Johann Ludwig Wegner and Blanca Bretteville were the parents of the noted feminist Olga Wegner (1858–1943), who married supreme court justice Karenus Kristofer Thinn. They were the parents of the noted lawyer Jakob Thinn. Among Heinrich Benjamin Wegner's descendants are the lawyer, county governor and chief of police Benjamin Wegner (1868–1949), judge in Halden Rolf Benjamin Wegner (1898–1986), chief of police Rolf B(enjamin) Wegner (born 1940) and judge in Asker and Bærum Jens-Sveinung Wegner (born 1948).

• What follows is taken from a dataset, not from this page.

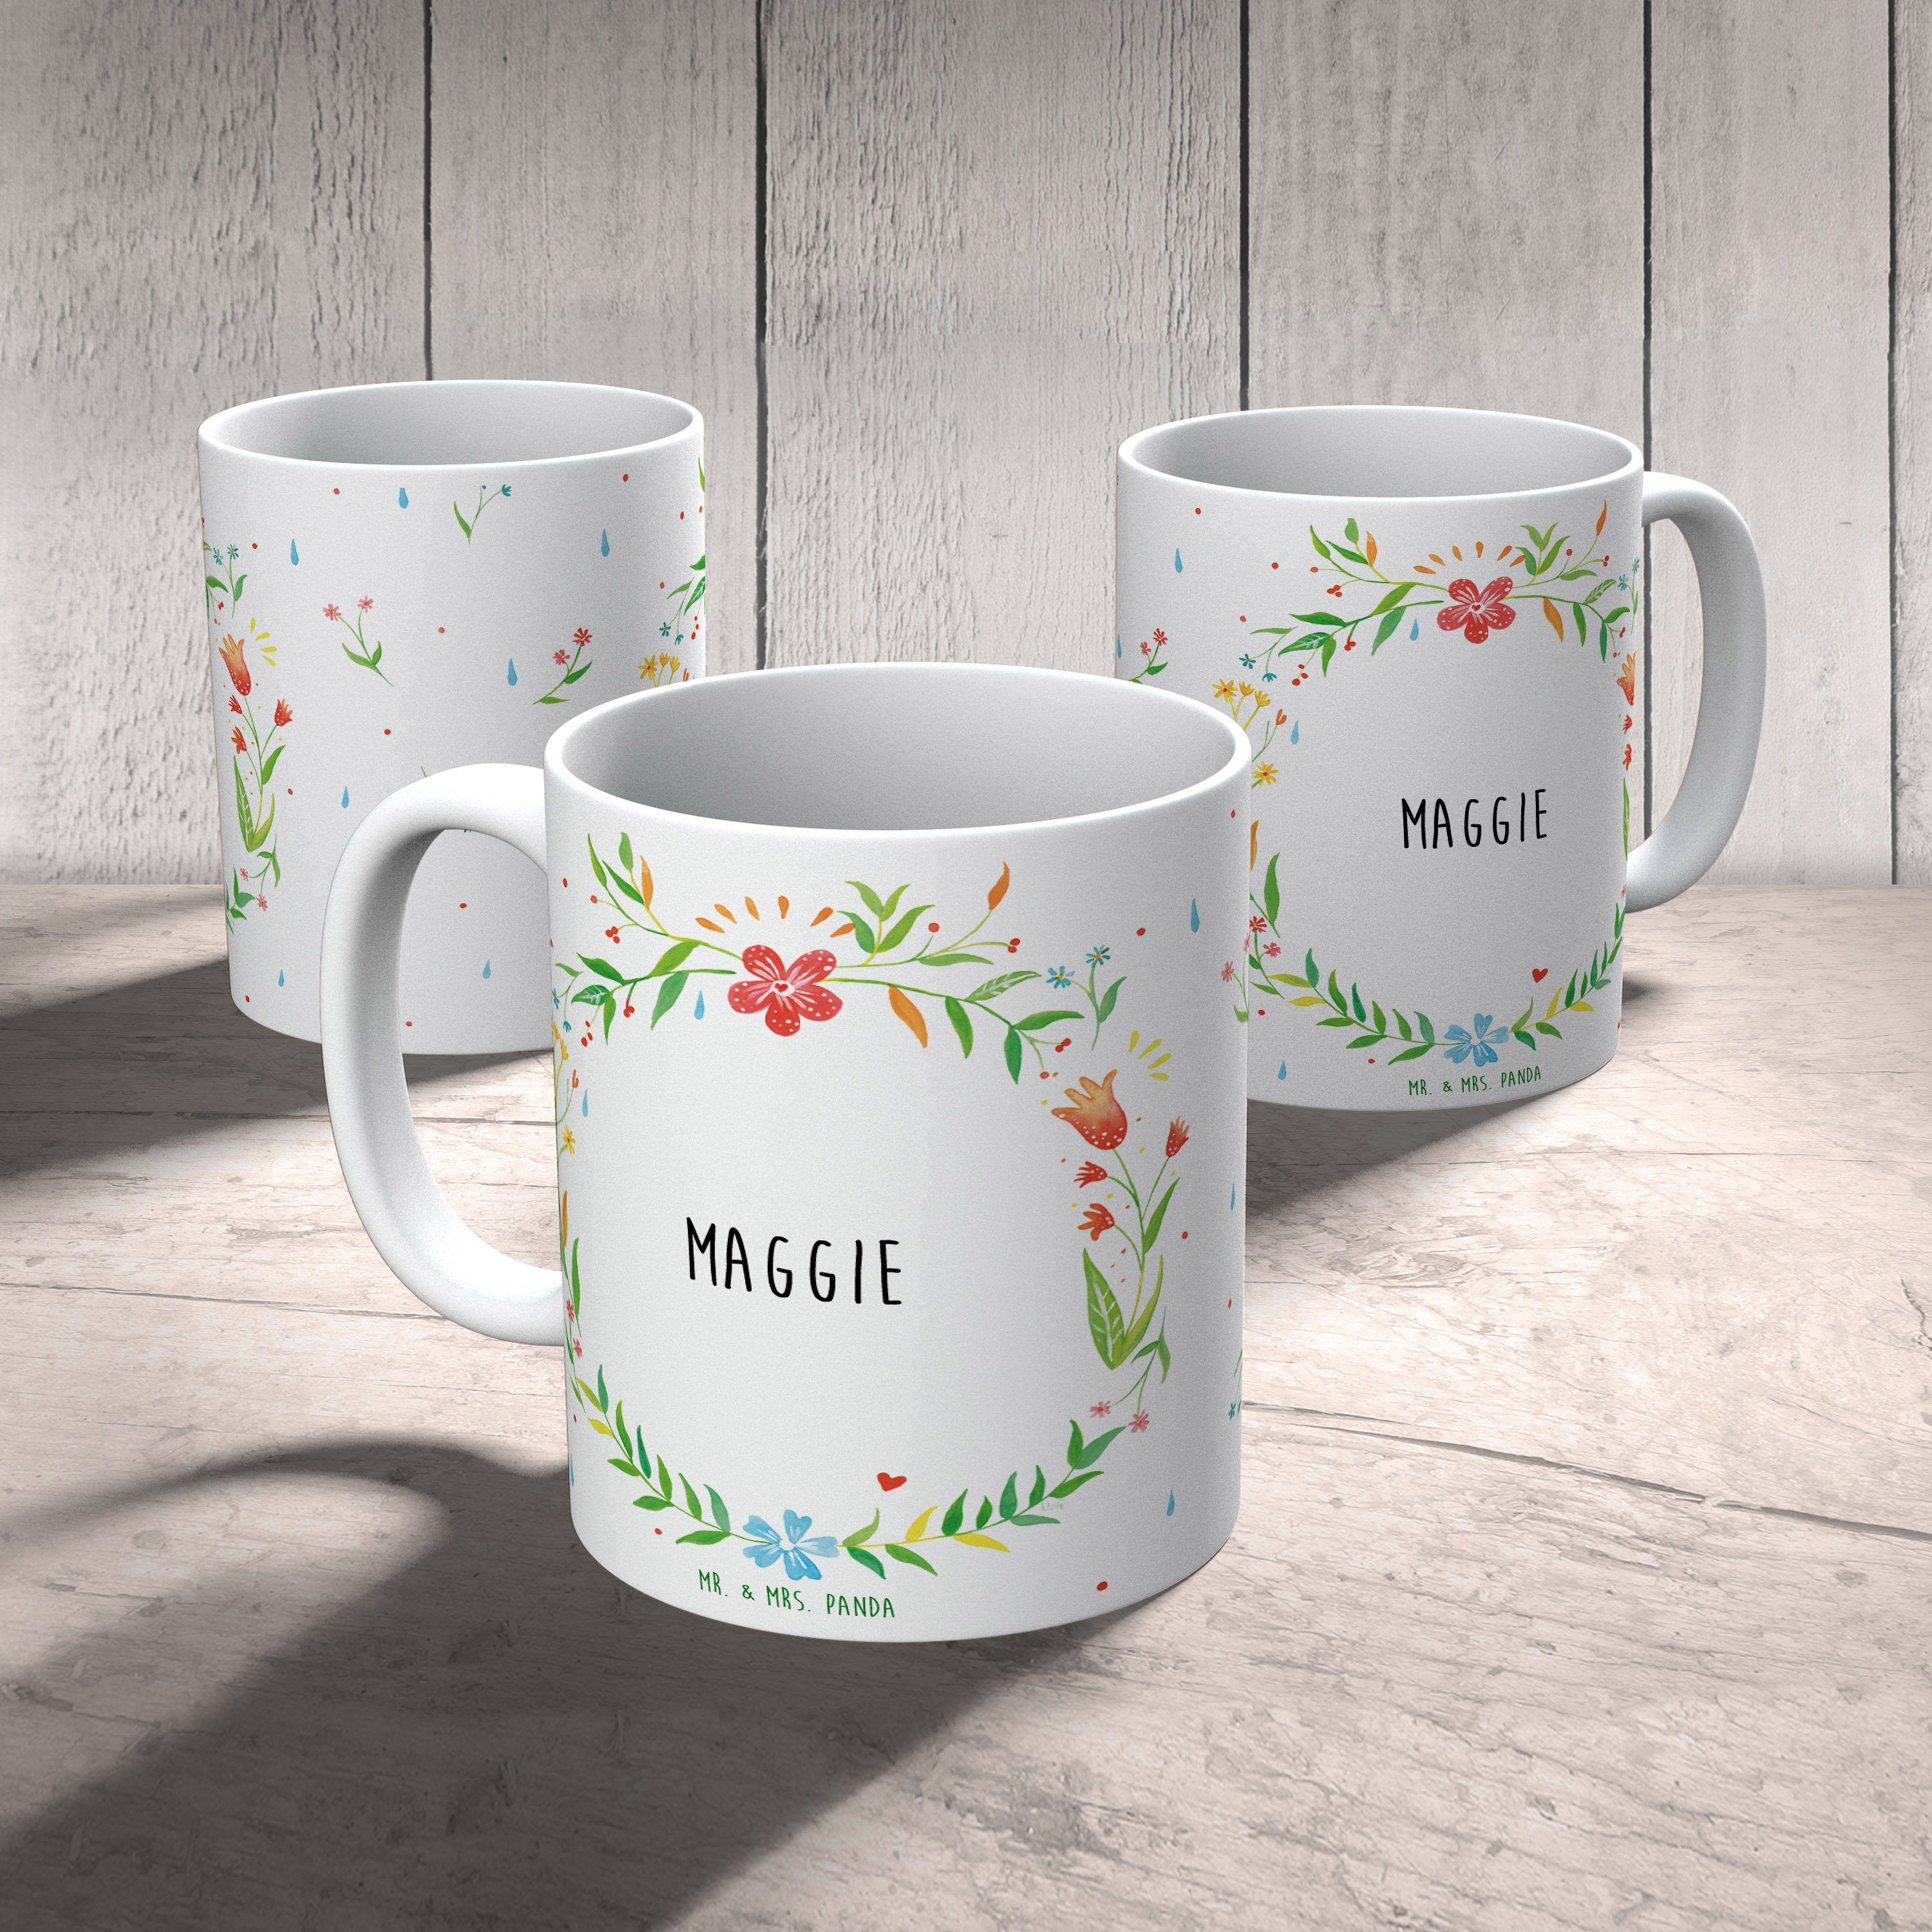 Mr. & Mrs. Panda Tasse Becher, Geschenk, Kaffeebecher, Keramik - Teebecher, Tass, Kaffeetasse, Maggie

Sophie Wegner was the mother of the internationally renowned war correspondent Benjamin Wegner Nørregaard, who served as Minister of the Interior in the Tianjin Provisional Government in China, of the barrister and President of the Norwegian Bar Association Harald Nørregaard, who founded the law firm (now known as) Hjort, and of the wine merchant and consul in Tarragona Ludvig Nørregaard. Henriette Wegner was the mother of the surgeon and President of the Norwegian Red Cross Nikolai Nissen Paus, of the lawyer and Director at the Norwegian Employers' Confederation George Wegner Paus and of the industrial leader Augustin Paus.